# Liberty Implements



## JDGreen_ (Feb 14, 2015)

I ordered a 3pt backhoe from Liberty Implements Sept. 11, 2014. They promised multiple delivery dates and as of Jan. after the failed delivery date passed I requested cancelation. The general manager assured me I would receive a refund. Today Feb. 14 and I have not received the refund. Calls and e-mails are not returned. I would suggest anyone considering doing business with them reconsider.


----------



## skunkhome (Nov 30, 2008)

I hope you ordered with major credit card. If so you should have no problem getting a charge Back in the company due to non-performance.


----------



## Thomas (Nov 1, 2006)

Thanks for the heads up.
I'd say it time to drop dime to someone in enforcement of sort that look into these matters in your area.


----------



## skunkhome (Nov 30, 2008)

I think it would be nothing more than a civil matter. Probably too much for small claims court and too little to hire a lawyer.


----------



## jhngardner367 (Apr 5, 2011)

If it was on-line,contact the cyber crime unit of the FBI,and put in an E3 complaint.
They will contact Liberty,and see if it's on the up and up .
I did this with a vendor,and I got great results.


----------



## skunkhome (Nov 30, 2008)

jhngardner367 said:


> If it was on-line,contact the cyber crime unit of the FBI,and put in an E3 complaint.
> They will contact Liberty,and see if it's on the up and up .
> I did this with a vendor,and I got great results.

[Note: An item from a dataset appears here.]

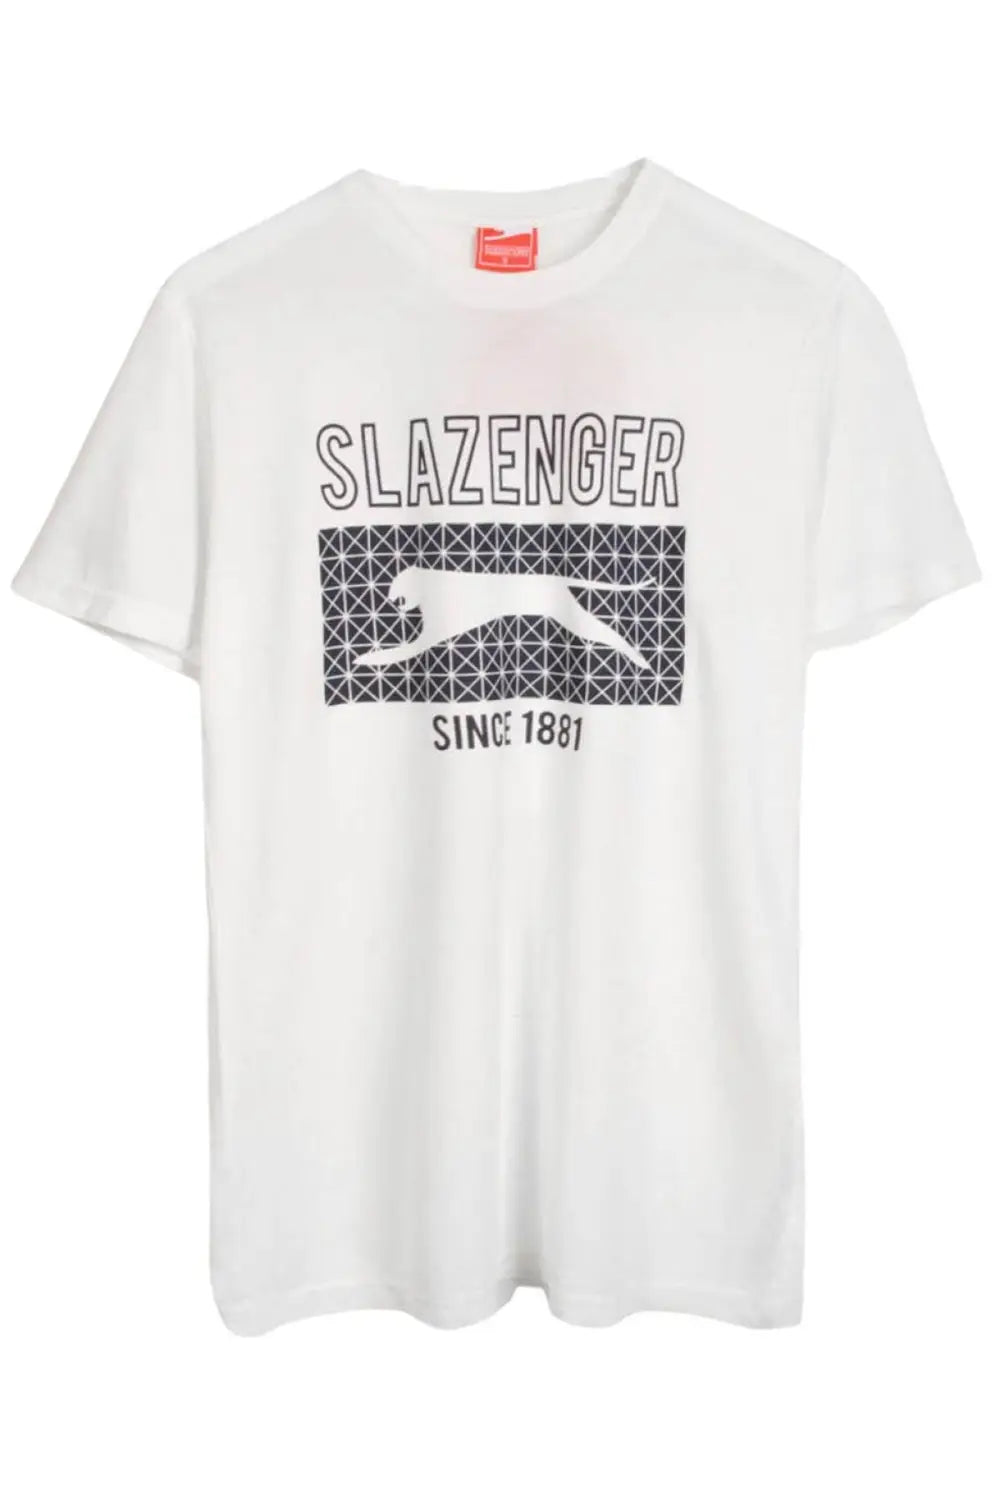 Slazenger Vintage Style Graphic T-Shirt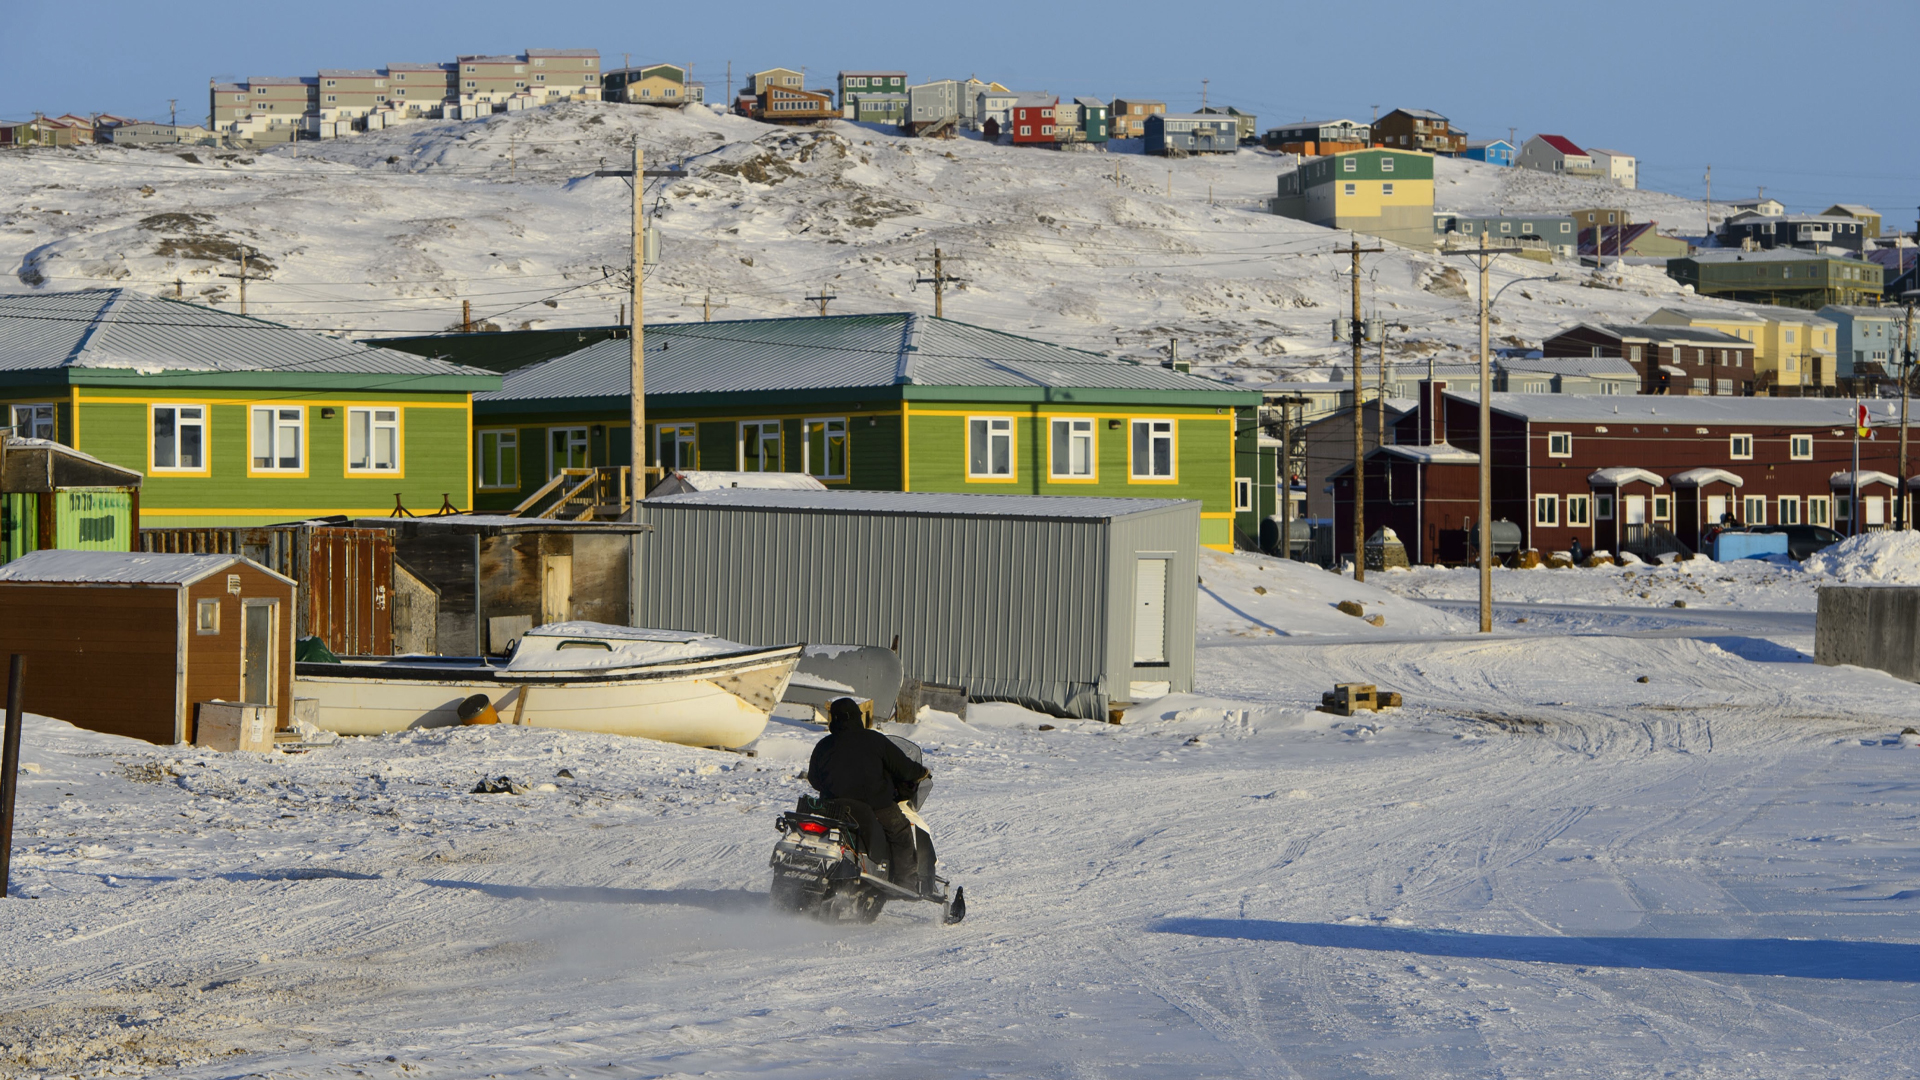 inuit way of life

Good to know! I'd bet they are just overwhelmed. But word gets around quickly if you make a habit of not shooting straight with your customers. The best practice is to stay ahead of customer and give them bad news quickly or up front. You may loose a few but solidify the rest and future customers when you deliver ahead of the pessimistic projections and under budget. A client who has to chase you down to get bad news is going to be more than just a little unhappy.


----------